The biggest problem is that you have no direct access to the documentation of the programs if they are in the system folder.
As a new user you open Haiku and you can’t find any documentation.
Now you could say that every program has to bring a link to the documentation. It would be nice if it were. Sometimes you just want to read something briefly without having to start the program.

I am with you in the statement that an intelligent solution for the documentation has to be found.

Yes, I agree, but I think we should have a clean and well-organized folder there, and the DeskBar would just link to it. Not give up on this folder being unusable because there are too many things in it, and make a new one. Otherwise in a few years, we will have Documentation, UsefulDocumentation, ReallyUsefulDocumentation, etc.

As I have now at my work project,

ReallyUsefulDocumentation_final_FINAL_Final version, I swear.odt
ReallyUsefulDocumentation_final_FINAL_Final version, I swear_v1.1.odt :slight_smile:

Good day,

Not sure if this fits here, but regarding documentation, I was thinking on a different approach, like having a “help” application that would load the “help/documentation” of each software. Help files being HTML, just like the BeBook or the Haiku API.

Regarding the documentation folder, it appears on the Deskbar menu as soon as you add some documentation files:
Screenshot%20from%202020-05-26%2016-27-53
Most of these documentation things were downloaded from the clasqm repo, but seems something happened with the repo as these days I’m getting issues on some installations (I have several VM in gnome-boxes, and some pendrives) not accessing that repo to grab the documentation. It has lots of programming tutorials in many languages, ebooks and so on.

Nonetheless, a centralized documentation center would be a nice add-on for Haiku.

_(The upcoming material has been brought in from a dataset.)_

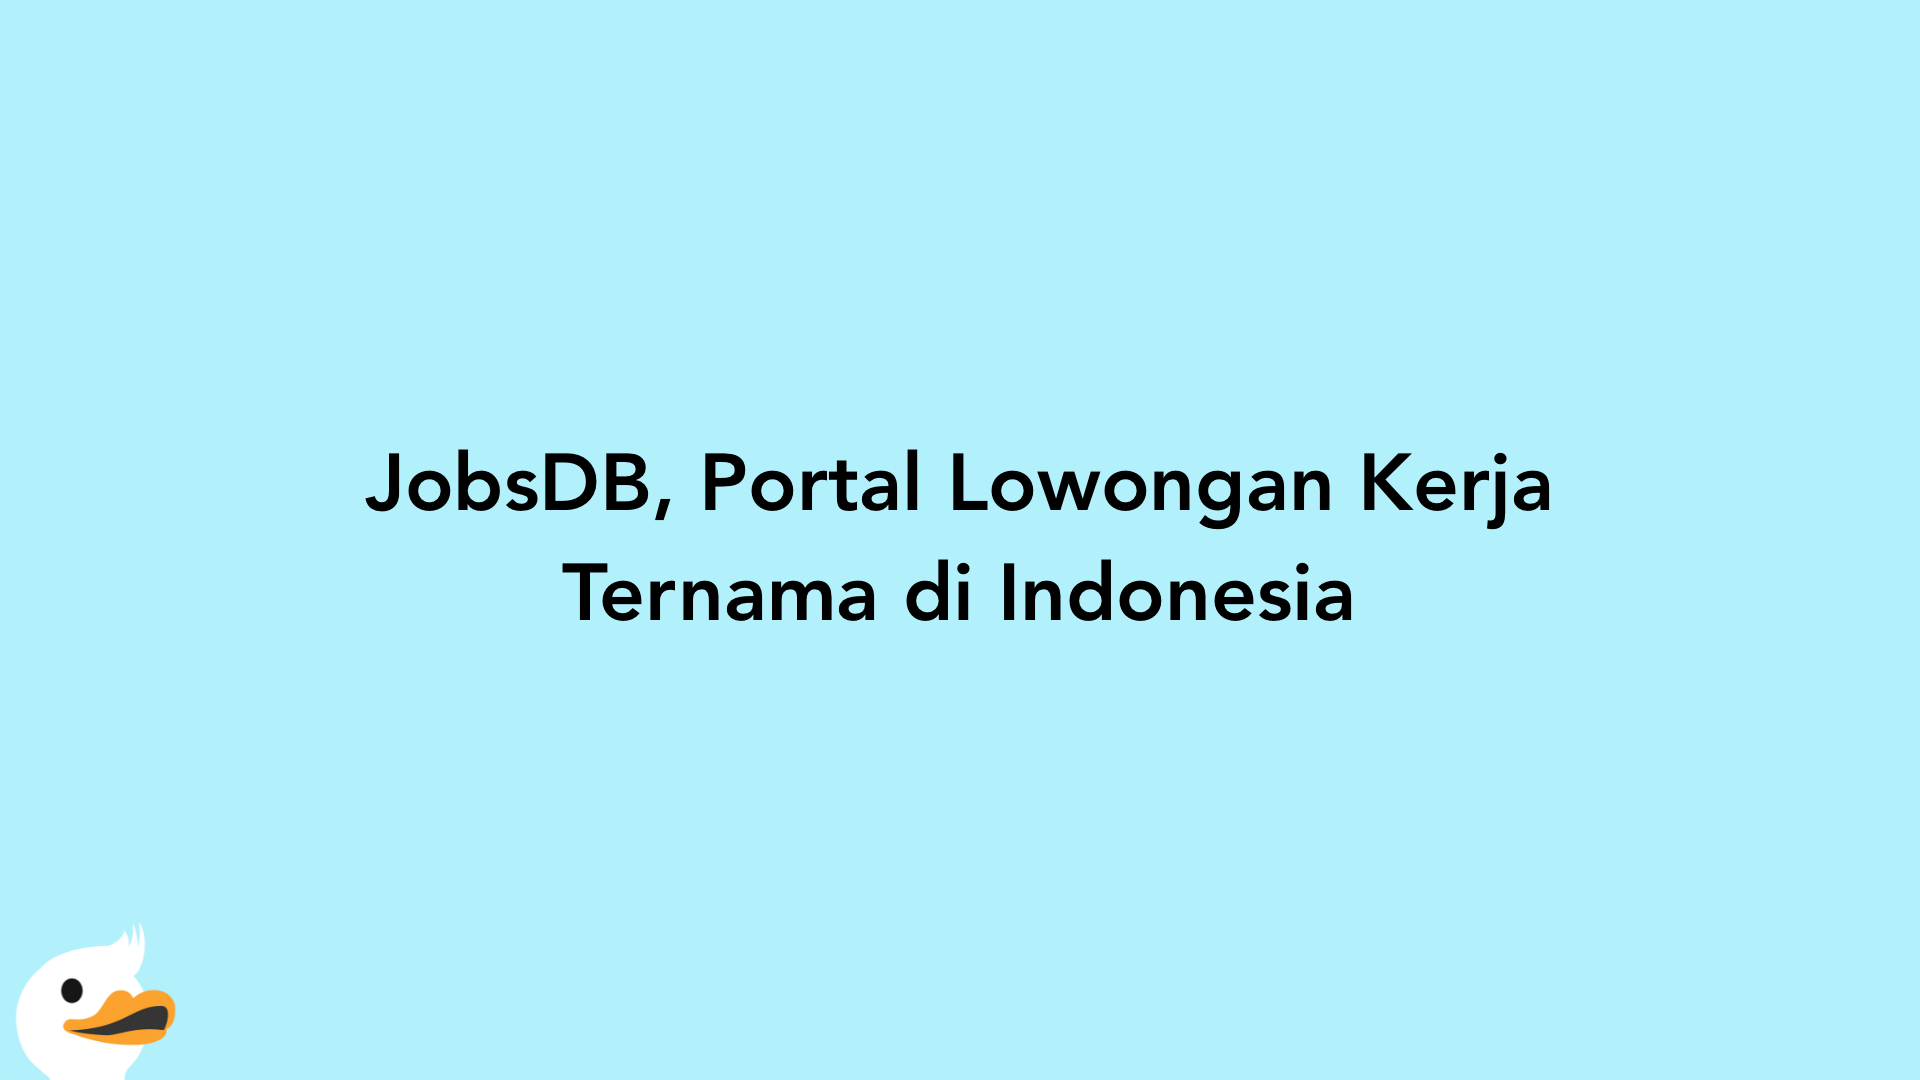 JobsDB, Portal Lowongan Kerja Ternama di Indonesia

While it’s on my task list, it’s out of my reach as of today.

Regards,
RR

We thinking about this position but past a update they are lost

bbjimmy has made a nice “help” application.

I would consider a generic “viewer” application, however. On Amiga systems there is Multiview which uses datatypes.library (the same idea as our translators) and can open any file: picture, sounds, plaintext, hypertext (usually in amigaguide format but html could work too), …
I think that’s a nice idea, and it makes things a bit simpler to manage since you don’t have to really worry about the type of a file. Howver, on the other hand, specialized apps are also quite useful in many cases, so maybe it wouldn’t be completely appropriate.

Yep, since recent update of HaikuDepot on x64 only Haiku, HaikuPorts and FatElk are updated.
When you are running SoftwareUpdater, it tells you that it has problems to sync the others but it seems HaikuDepot does not.

The deskbar folder comes with a hpkg from clasqm repo indeed.

I think that we need to differentiate case of docs in “Haiku format” (i.e apps like BePodder, BurnItNow or UberTuber) and case of the others.
For the first, we know that they are html, they are even sharing styles (sometimes with small differences). Some are in documentation folder some are in the app folder. We could group them so they can be navigated with a tool and, later it would help to centralize their translation. I would put folders (named like the app) in an HaikuApps subfolder of documentation.
For the others, it is difficult as you can find virtually everything in them including sample of codes. I think documentation packages packagename is the best we can do. Perhaps some could be converted but who would do that?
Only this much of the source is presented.